Outlaws of Thunder Junction might be one of the craziest draftable Magic sets to date. The Frontier Fantasy-inspired expansion boasts a main base set of 276 cards, a special guest slot of 10 cards, a bonus sheet called "Breaking News" of 65 cards that appears as a one-of in every pack, and an additional 30-card bonus sheet, The Big Score. The Big Score in specific is a March of the Machine Aftermath-type set that was amalgamated with the main set last-minute as an additional sheet.

This means there are 381 unique cards in this set you can draft! In terms of Standard draftable sets, this one definitely takes the cake for having the largest card pool and most variety of cards you can draft from. Cards in this set range from new designs with brand new mechanics to Commander and Modern staples seeing reprints in the bonus sheets.

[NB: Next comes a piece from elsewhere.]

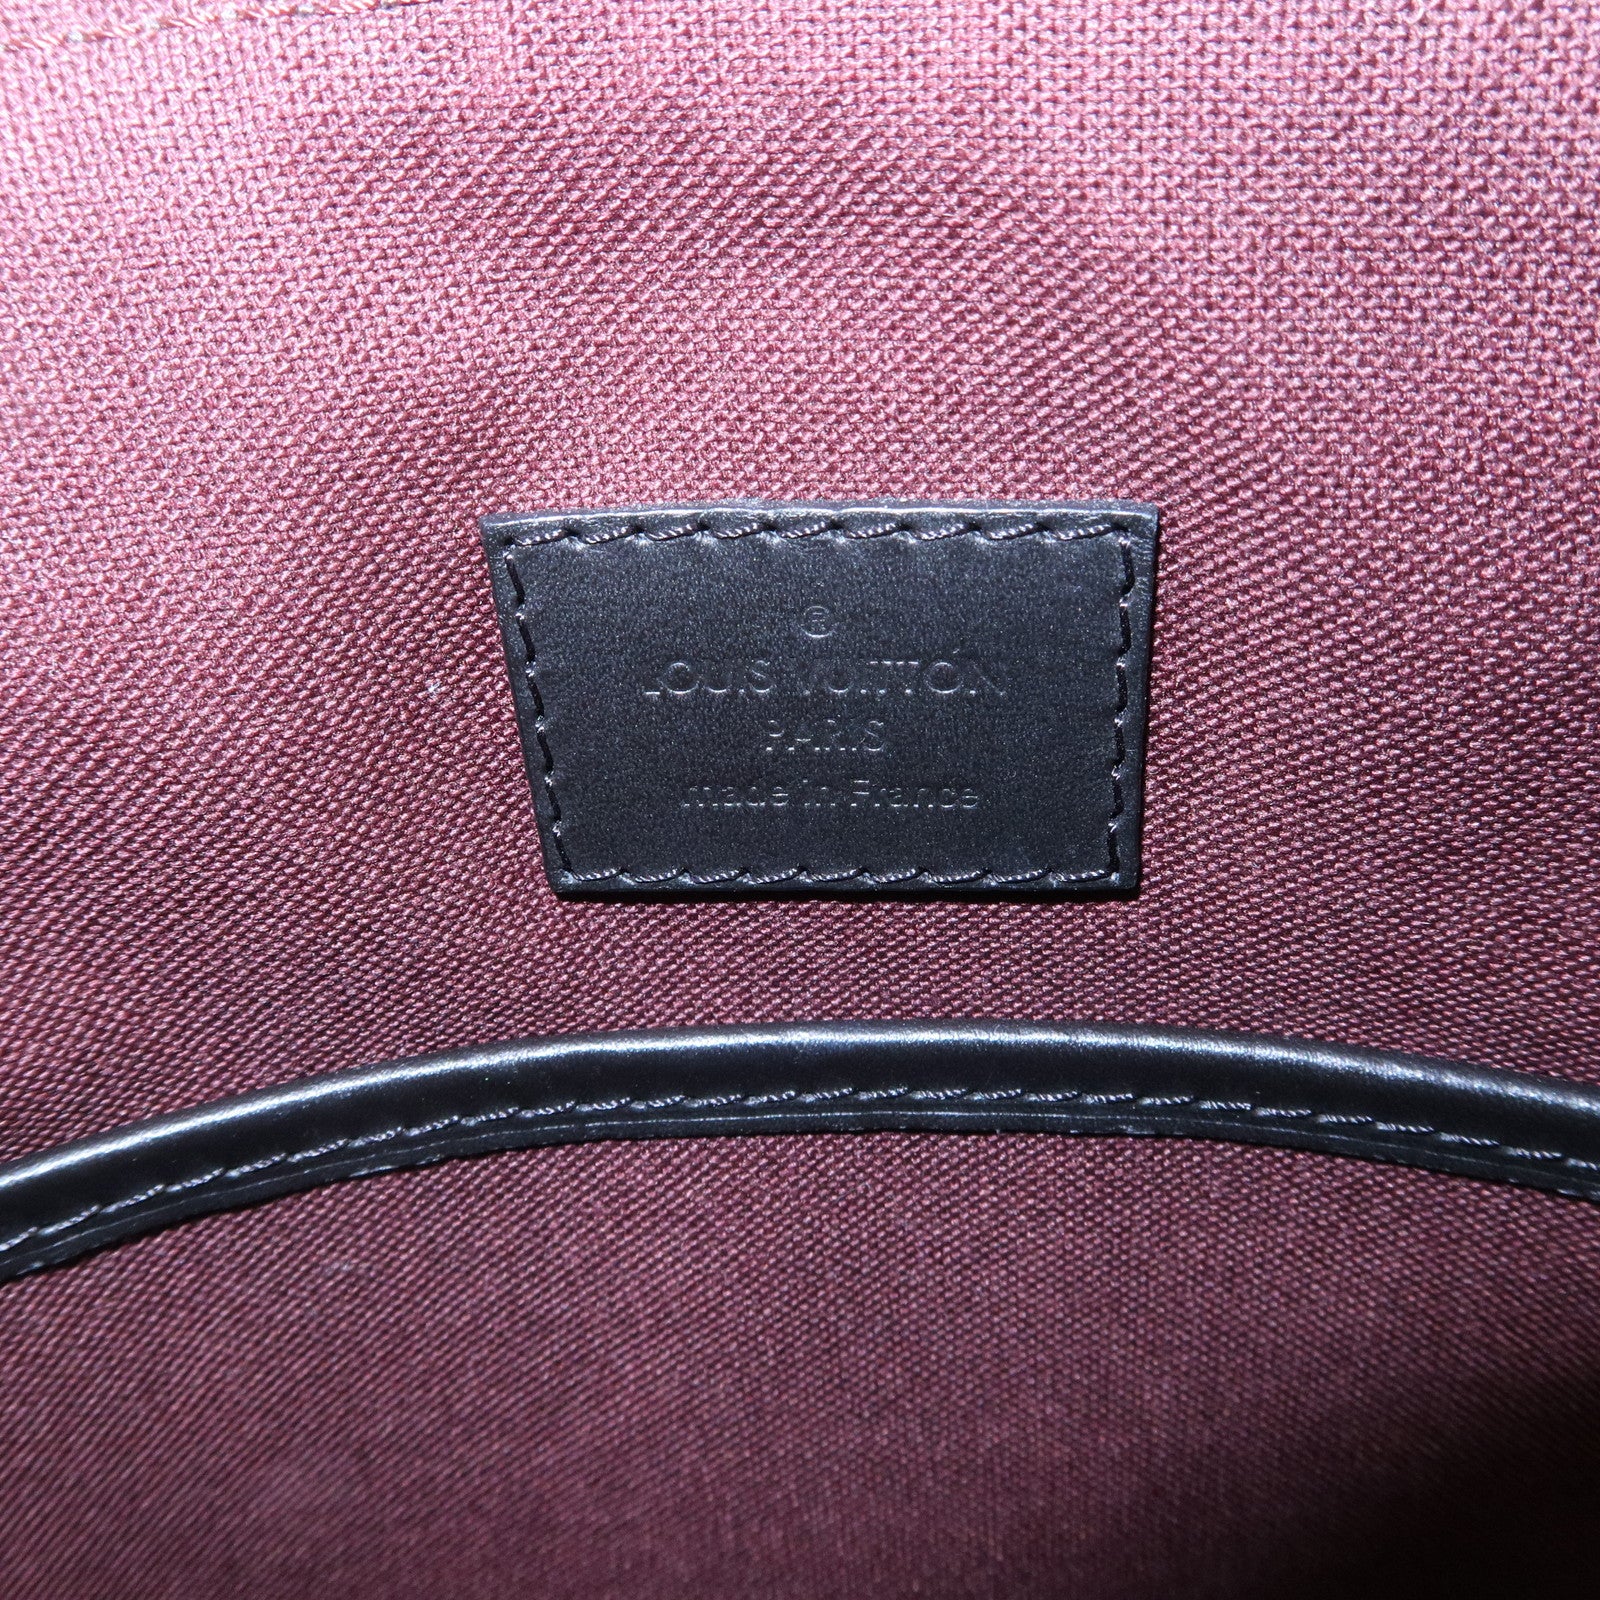 Louis-Vuitton-Monogram-Macassar-Bass-PM-Shoulder-Bag-M56717 – dct
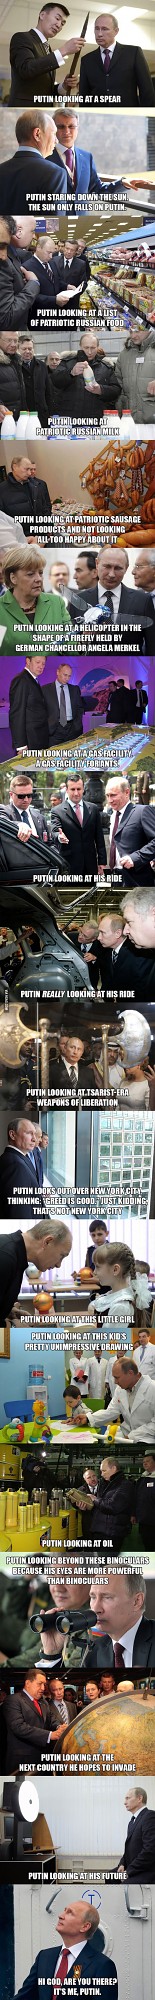 Putin Looking at Things

As a newer or returning player to Magic, this set can definitely seem incredibly daunting. Heck, even as a veteran player this is one of the most daunting Limited sets I've ever had to learn. Worry not, partner. In this article I'm going to go over some of the basic knowledge you'll need to learn for mastering OTJ Limited.

New Mechanics


Bridled Bighorn

Saddle is a new mechanic similar to crewing vehicles, that allows you to tap your creatures to give a Saddled creature some sort of bonus effect.


Plan the Heist

Plot is a new mechanic similar to foretell that allows you to exile a card from your hand for a cost so that on a future turn you can cast it for no mana but at sorcery speed.


Trash the Town

Spree is a new mechanic, similar to kicker, that allows you to cast a spell for one or more costs. Keep in mind that you have to be able to add one of the costs to resolve the spell.


Rakish Crew

While not a new mechanic, some cards give you benefits if you have an outlaw in play. Assassins, mercenaries, pirates, rogues, and warlocks are outlaws.

Color Pair Themes

Azorius (wu) - Use the Plot mechanic to get benefits from cards that require you to not cast any spells during your turn.

Selesnya (wg) - Utilize the Saddle mechanic with Vehicles and Mount creatures.

Gruul (rg) - Power 4 or greater matters.

Rakdos (br) - Outlaws (Assassins, mercenaries, pirates, rogues, and warlocks).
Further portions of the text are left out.